The best way to get on the cable car is from the Fishermans wharf side. The lines are shorter and you’ll tend to get on faster. The Market St turnaround is always busy except late in the evening, and although you can sometimes have luck trying to get on at O’Farrell Street or Union Square, it can also be impossible. Don’t rely on a cable car ride to get you somewhere if you have time restrictions. Obviously, the Cable Car is an iconic attraction you have to try though. Ride the sideboard.
I’m not going to spruik the place we stayed. It was a hostel because we booked so late nothing else was in our price range. We paid $150NZ/night for a private room where the bed was basically wooden, on the edge of a dodgy area of town. Being on the Market St side of Union Square, it was also a LONG way from most of the tourist areas and there were no decent supermarkets nearby. We spent a lot of time getting to and from Fishermans Wharf. Its only advantage was on our Yosemite day – we were all but last on and first off.
Our surprise awesome experience was the half day Whale Watching tour we did. Right on the key season for Humpback migrations, we saw at least half a dozen whales, and a megapod of approximately 200 common dolphins. Definitely season-dependent. May is a great time to do this.

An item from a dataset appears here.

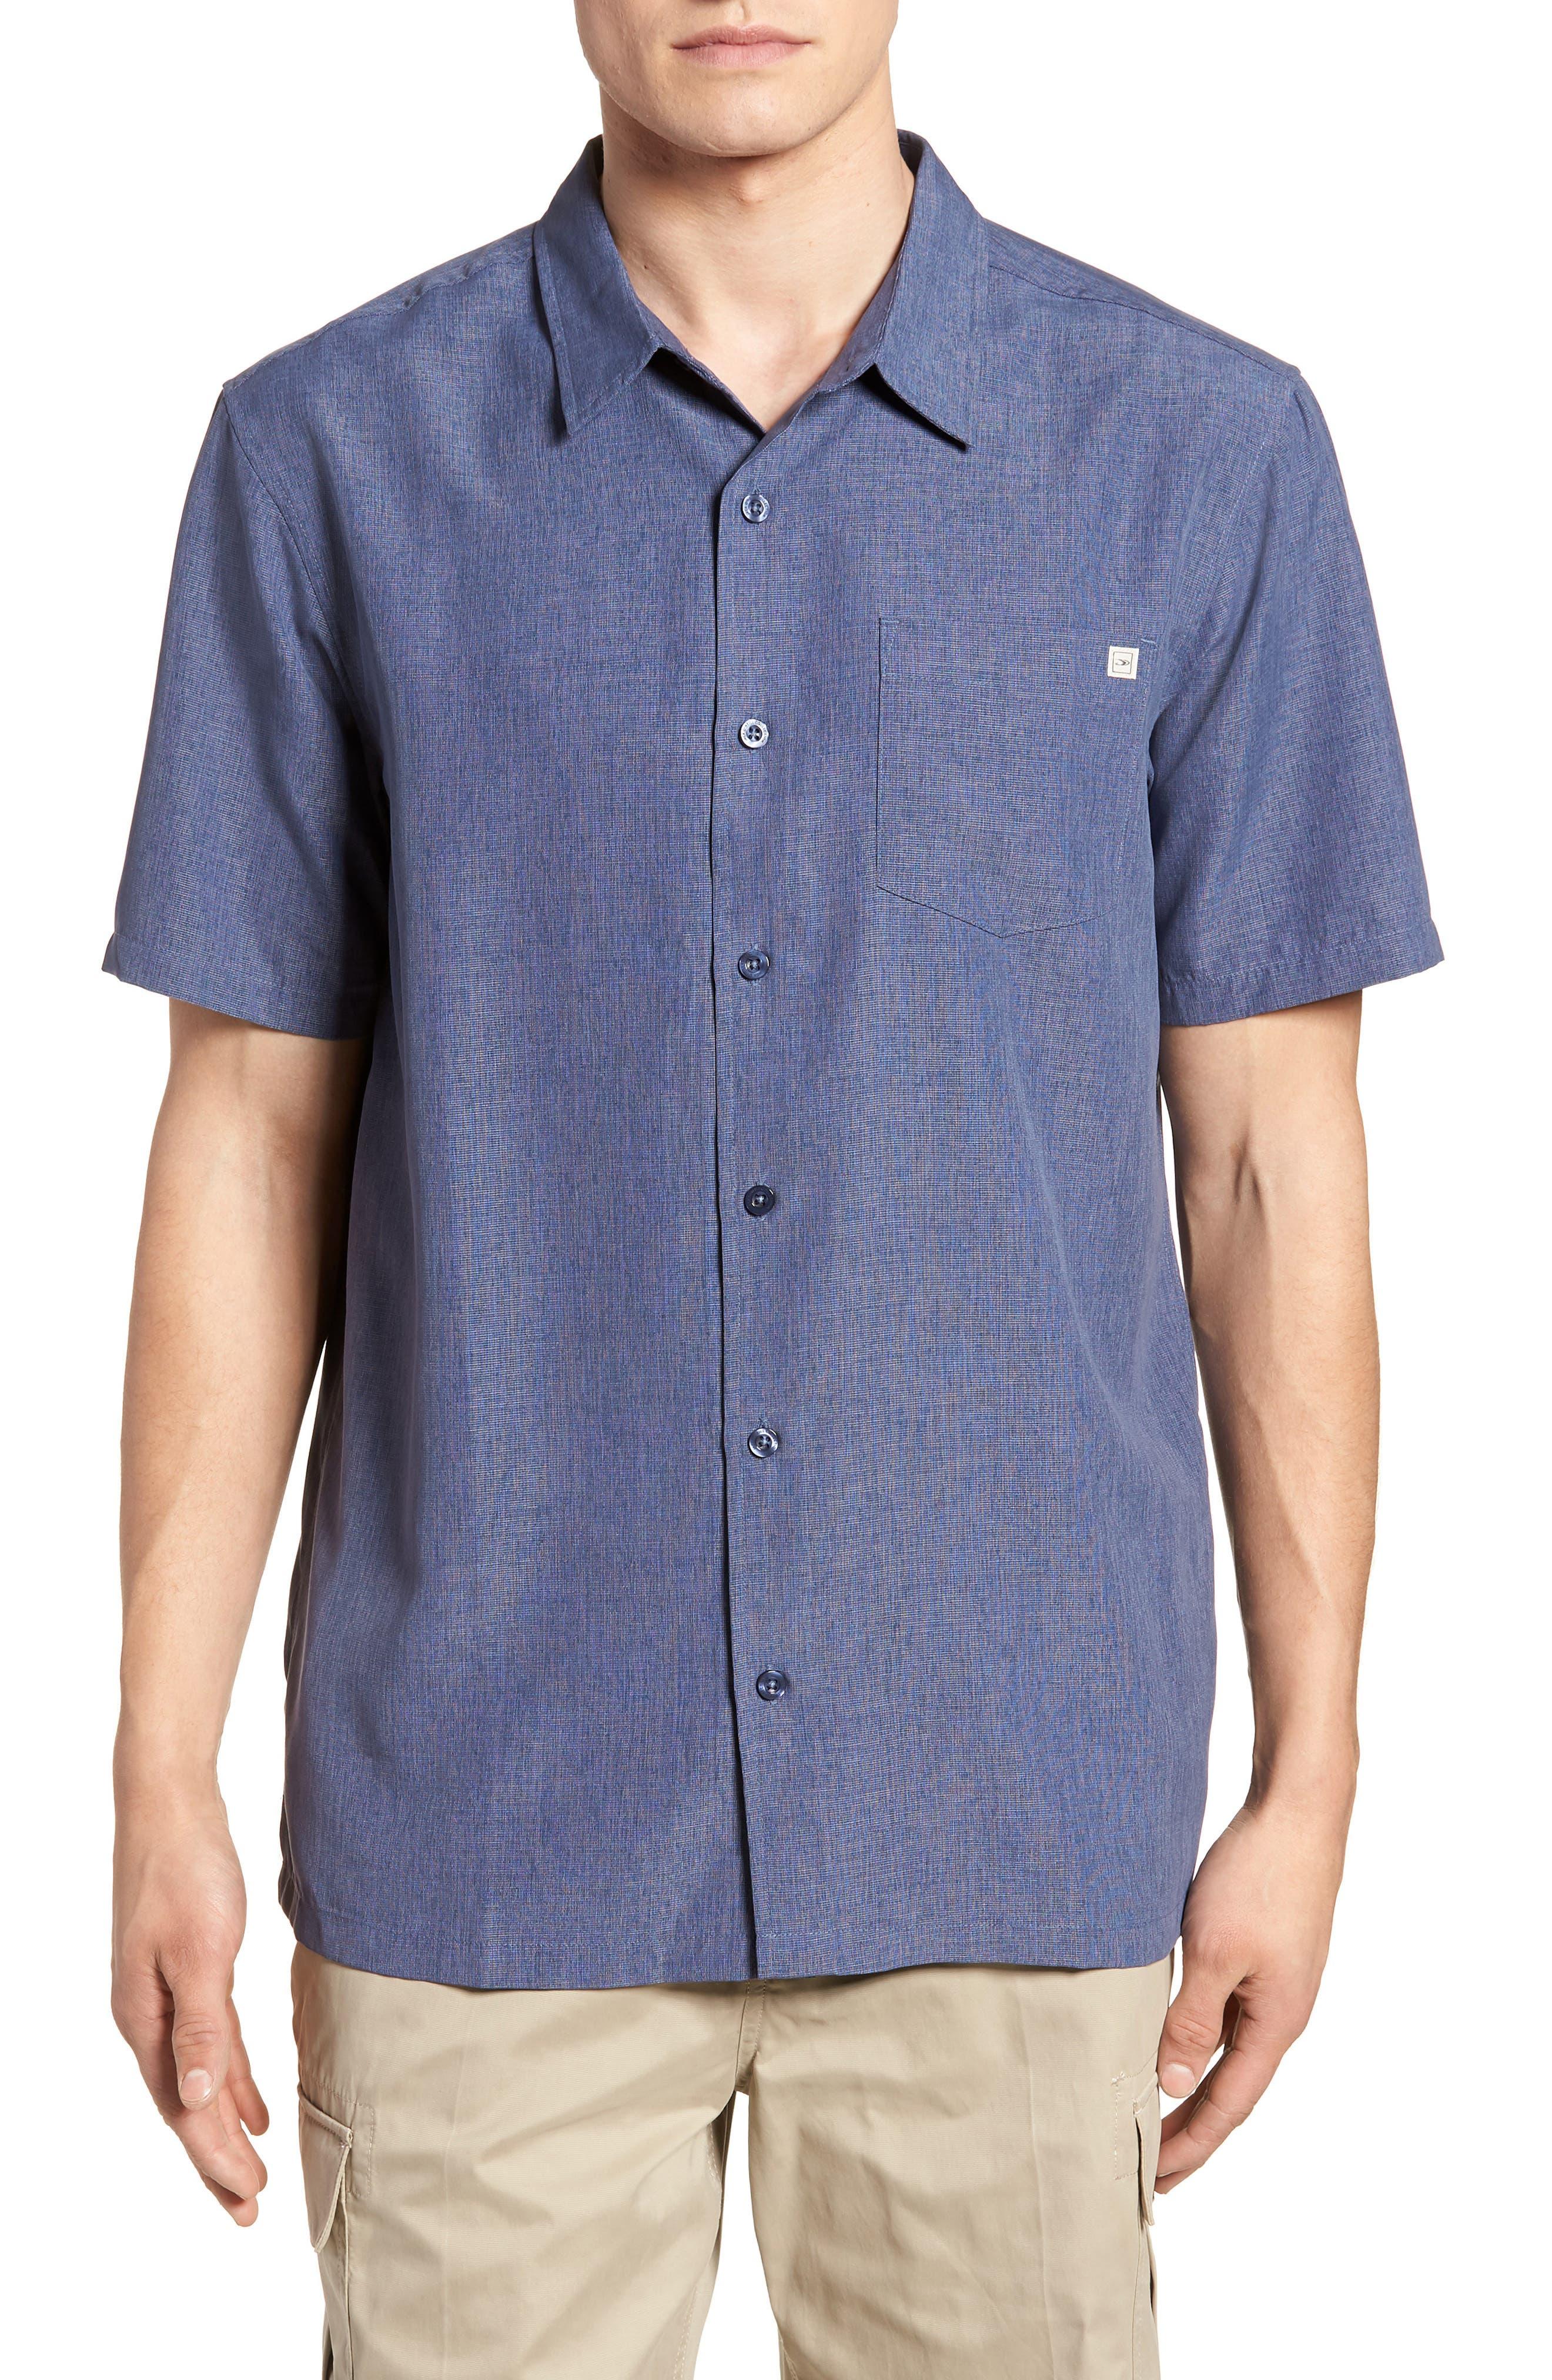 Liberty Regular Fit Short Sleeve Sport Shirt,                             Main thumbnail 1, color,                             NAVY

Overall, while we had a good time, and enjoyed the opportunity to have a break by ourselves, we aren’t sure we would go back for another holiday here. We would go back to take Spike to CalSci and the Exploratorium, and I would love to do some more photography around the place, or walk the length of the botanic gardens. Perhaps we’ll add it as a stopover if we are in the area again.
Totalling up what we spent on our credit card and on cash, we spent just over $8,000NZ for 8 days – including flights, food, accommodation, activities, transport, souvenirs and travel insurance. $3,000 of that was the flights. San Francisco is a really expensive place to visit!